According to details of the MOU, the first phase of the initiative is to implement the program at NUC-selected universities while the second phase will bring Nigerian researchers to train at ILPB and equipment distributed to Nigerian universities. The MOU postulates that by this time, there should be “global impact of research with widespread implementation of quantum dots and other nanoparticles in the fields of medical diagnosis and treatment.” The third stage, meant to take place five to 10 years from now, will be defined by major research focuses, sufficient funding, and effective personnel training and the centre is expected to become a first-class research center not only in Nigeria, but in the world.

The NUC appointed Paras Prasad, a professor of chemistry and medicine with the University of Buffalo (UB) and the executive director of the ILPB, as the head of the joint research center.

“The two major application areas are alternate energy and health care. We are applying this merge of photonics, of light wave energy, for application in the area of medicine called nanomedicine. The other, alternative energy focuses primarily on solar energy harvesting,” he said.

Despite the reference to alternative energy the primary focus, according to Folarin Erogbogbo, leader of the Nigerian group and research assistant professor in cancer nanotechnology, is nanomedicine.

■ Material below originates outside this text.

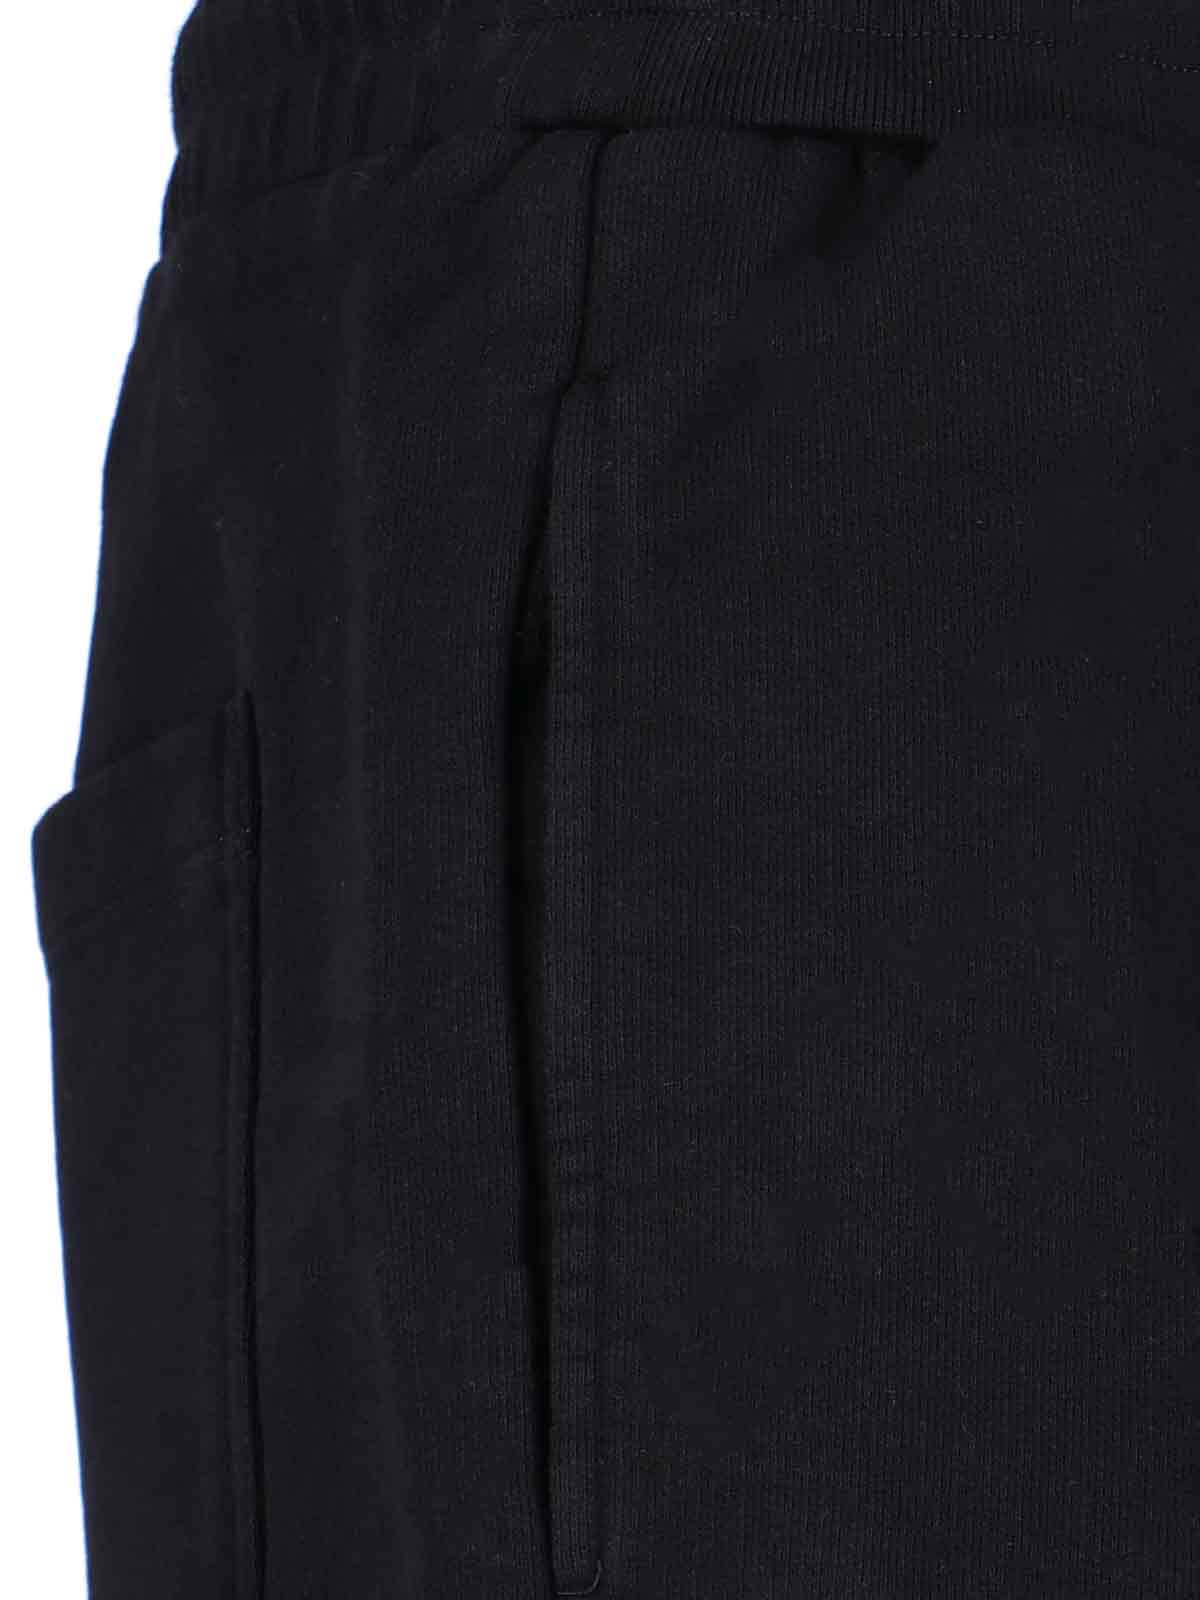 Shop Golden Goose Star Shorts In Black

Handheld diagnostic tool: nanoLAB

There’s a lot more action on the ‘handheld diagnostic equipment and abolish invasive testing’ front than I realized. (In my  Feb. 15, 2011 posting I highlighted the UK’s Argento [physical device and diagnostic tests for athletes] and PROOF [a Canadian group working 0n some new diagnostic tests for kidney patients and others].)

It turns out there’s another device, this one, to be found in the US, is called nanoLAB. From the Feb. 22, 2011 news item on Nanowerk,

In 2009, Stanford University faculty member Shan Wang and doctoral students Richard Gaster and Drew Hall demonstrated that they could use the same ultrasensitive magnetic sensors that form the basis of today’s compact, high-capacity disk drives in combination with mass-produced magnetic nanotags to detect small amounts of cancer-associated proteins (click here for earlier story).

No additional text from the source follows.